— Вадим Петрович, вы же видите, товарищ не хочет на ту работу, которую вы предлагаете. Переведите меня на ту.
— На какую на ту? Ты даже не знаешь, на какую на ту.
— За такие деньги я на любую пойду, я буду землю есть…
— А ты ее и так ешь, — недоуменно посмотрел на него Земский. — За семь тысяч. Семь тысяч ты получаешь? — Он опрокинул в себя новую порцию водки.
— Семь… Конечно, семь… — проныл толстячок.
— Миш, ну тебя… — Махнул на него рукой Земский. — Мне на ту работу нужен умный человек.
Стало неловко. Сошников, чтобы немного разрядить напряжение, сказал:
— За такие деньги придется не землю есть, а кое-что покруче.
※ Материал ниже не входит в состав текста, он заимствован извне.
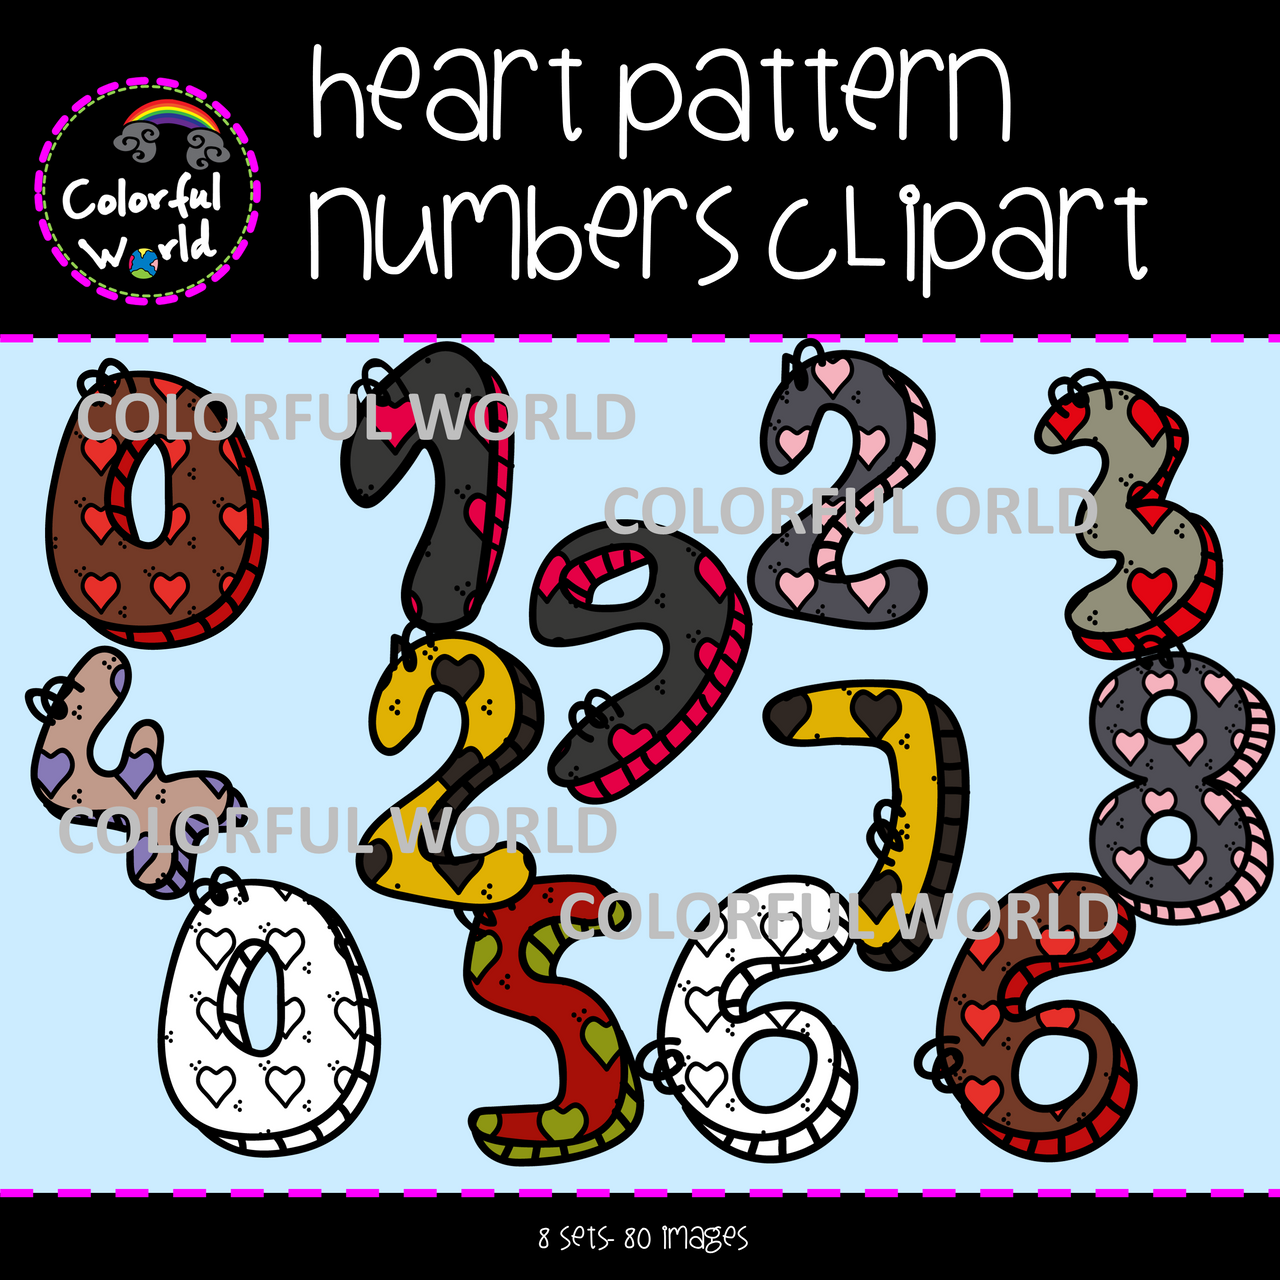 Heart pattern numbers clipart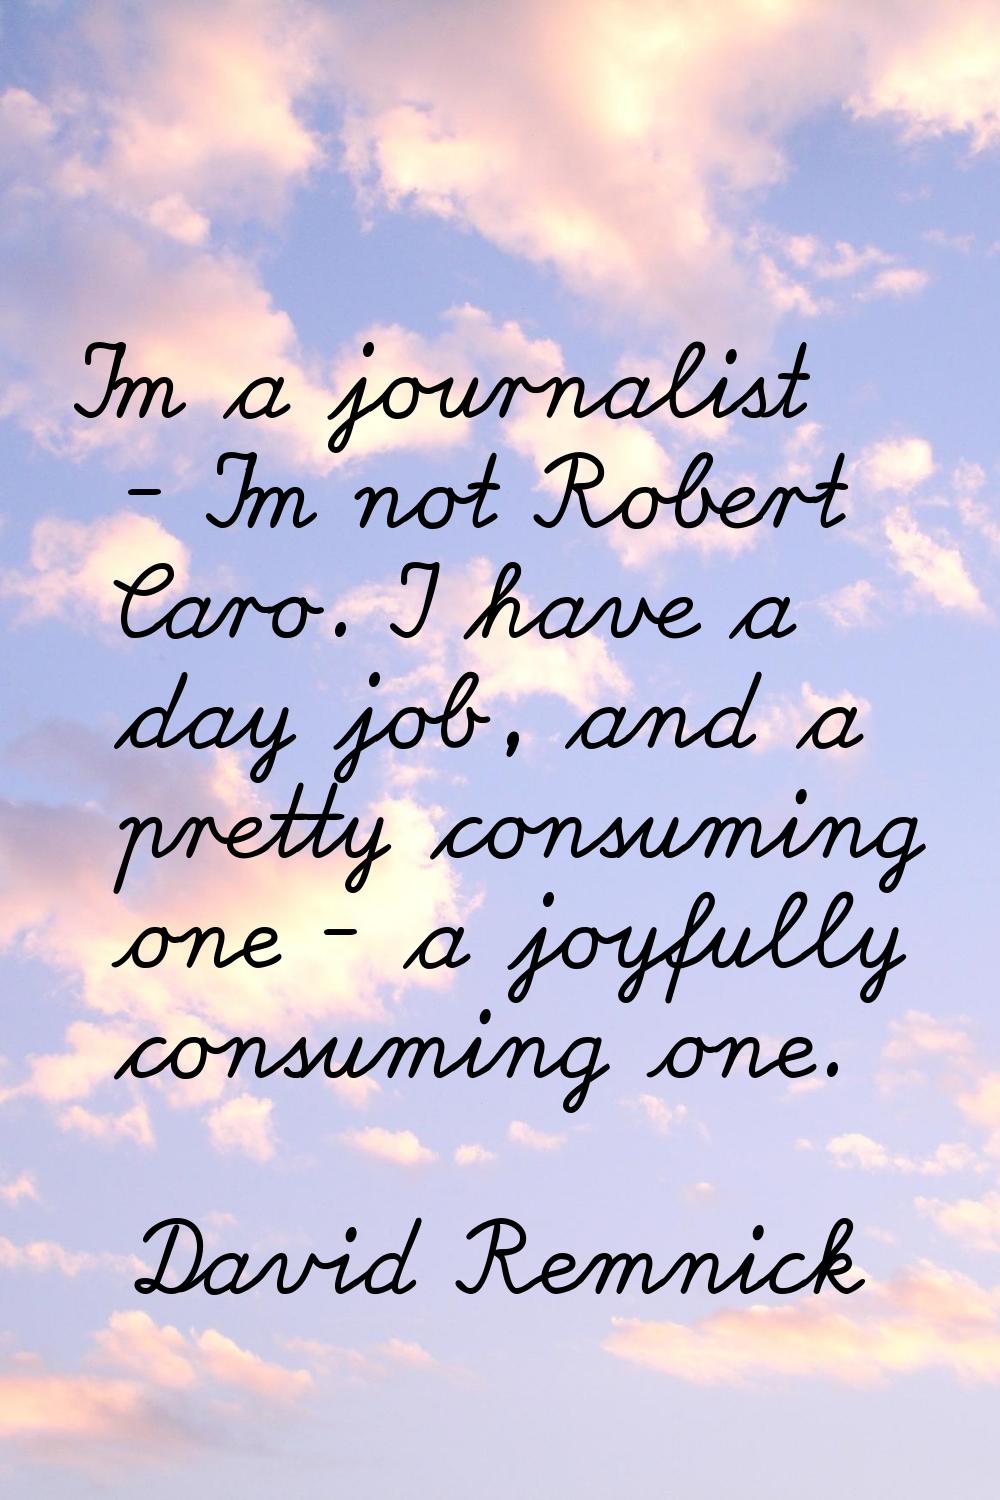 I'm a journalist - I'm not Robert Caro. I have a day job, and a pretty consuming one - a joyfully c

— Зато заедать будешь пряниками. — Земский пьяно и самодовольно засмеялся.
— Сладкими?
— А то! — сказал Земский и замолчал, упершись взглядом в стол — казалось, уже ничего вразумительного он не произнесет. Однако поднял голову и заговорил даже немного зло: — А как ты хотел, Игорек? У каждого мэна, без исключений, есть черпачок, которым он черпает дерьмо. У кого черпачок поменьше, у кого побольше, у кого целый ковш, у кого присолено, у кого послащено. А суть одна… — Он закончил свою речь, грязно выругавшись.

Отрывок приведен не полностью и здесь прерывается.